# Transportation in Nola



## talkamotta (Jan 6, 2016)

We will be visiting NOLA for a week in February.  We aren't renting a car.  What is the best way to get from MSY to the Quarter House.  We will be arriving around noon.  What is the best way to get around in the city.  We can walk and get around easily.  I'm thinking I would like to get a trolley pass or something similar.  We have never been to NOLA before so any information will be appreciated.


----------



## ronparise (Jan 6, 2016)

The Streetcar (as in a Streetcar named Desire" (its not called a trolley) is the best way Ive found to get around town.  $3 a day and ride all day.  Im not sure what a week pass costs or even if one is available

The historic Saint Charles line is an event in itself. to see all the Garden District homes

From the airport to the Quarter House, I cant help, but I understand cabs are cheap

The folks at the Quarter House are very helpful, call ahead to ask, I bet they will have a good suggestion


----------



## chapjim (Jan 6, 2016)

http://www.airportshuttleneworleans.com/


----------



## hjtug (Jan 6, 2016)

We stayed at Quarter House one year ago.  We took a cab from the airport since it was direct and cheaper for two than the shuttle .  Having Quarter House order a cab for us on our return to the airport was no problem.


----------



## geist1223 (Jan 6, 2016)

When we stayed at the Avenue Plaza 15 months ago we took taxis to and from the Airport. In town we relied upon our feet and the Street Cars. Each morning we would buy an all day pass.


----------



## Bailey#1 (Jan 7, 2016)

A cab is the best way from MSY-Quarter house. The cabs are right outside the airport it will take about 30 minutes barring any accidents. The shuttle stops at various hotels alone the way and may take over an hour. The prices are similiar!

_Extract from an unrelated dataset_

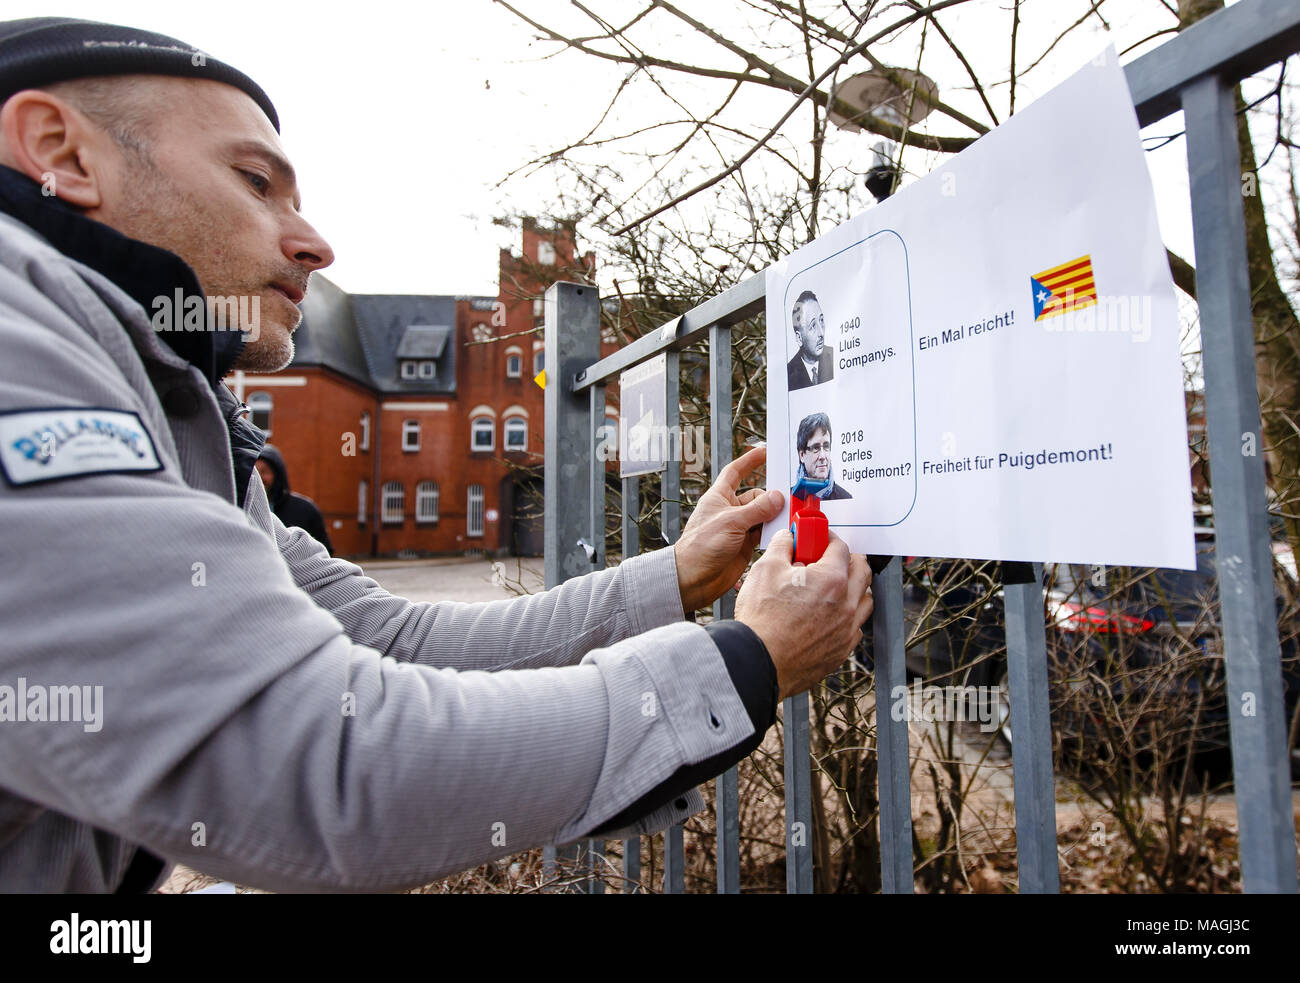 02 April 2018, Germany, Neumuenster:The German-Catalan Jorge Ponsetti hangs up a paper with pictures of Lluis Companys and Carles Puigdemont outside the Neumuenster prison. Companys was on the run as President of the Catalan Republic in 1939 in France, was arrested by the Gestapo and extradited to Spain in 1940. The former President of Catalonia Puigdemont is held in custody since his arrest on 25 March 2018 at the Neumuenster prison. Photo: Frank Molter/dpa Stock Photo
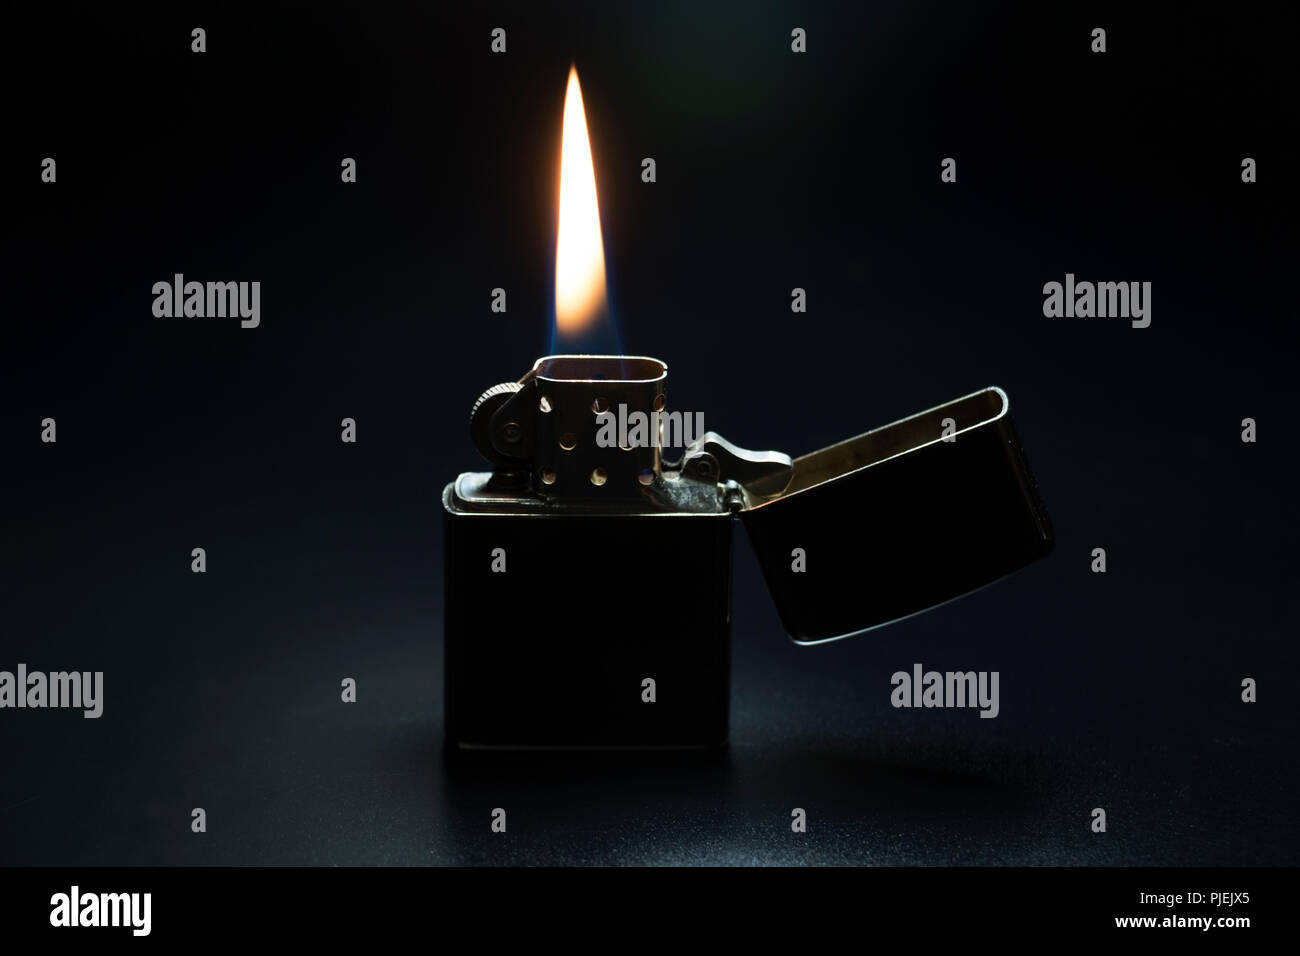 Lighter burning in darkness. Metallic lighter with red hot flame isolated on black background. Stock Photo

I find the best music to be on Frenchman Street if that interests you!

What are your interests?


----------



## Saintsfanfl (Jan 8, 2016)

ronparise said:


> The Streetcar (as in a Streetcar named Desire" (its not called a trolley) is the best way Ive found to get around town.  $3 a day and ride all day.  Im not sure what a week pass costs or even if one is available
> 
> The historic Saint Charles line is an event in itself. to see all the Garden District homes
> 
> ...



The week pass is $21, so no price break. It's easier to pay each day directly to the driver in case some days are not needed.

The street car $3 pass is also good on any of the buses. It is valid for any RTA transportation. So you can buy that same pass type from a bus ride or vice versa.


----------



## talkamotta (Jan 9, 2016)

Thanks for all the information.  We are very excited. I love all kinds of music except some rap and really heavy metal music.  We will be gong with our grandson and his girffriend so it will be 2 60 year olds and 2 22 year olds.  All of us love music.  We are planning to see the WWII museum but other than that havent made any plans.  Is there anything that anyone particularly enjoyed.


----------



## lizap (Jan 9, 2016)

Please be very careful.  We have lived in this area for 30+years.  The crime has skyrocketed in recent years, much of which is not reported in the national news.  Many of us 'locals' rarely venture into the quarter at night anymore. If you do, stay in well lit and travelled areas. 



talkamotta said:


> Thanks for all the information.  We are very excited. I love all kinds of music except some rap and really heavy metal music.  We will be gong with our grandson and his girffriend so it will be 2 60 year olds and 2 22 year olds.  All of us love music.  We are planning to see the WWII museum but other than that havent made any plans.  Is there anything that anyone particularly enjoyed.


----------



## Sugarcubesea (Jan 9, 2016)

Saintsfanfl said:


> The week pass is $21, so no price break. It's easier to pay each day directly to the driver in case some days are not needed.
> 
> The street car $3 pass is also good on any of the buses. It is valid for any RTA transportation. So you can buy that same pass type from a bus ride or vice versa.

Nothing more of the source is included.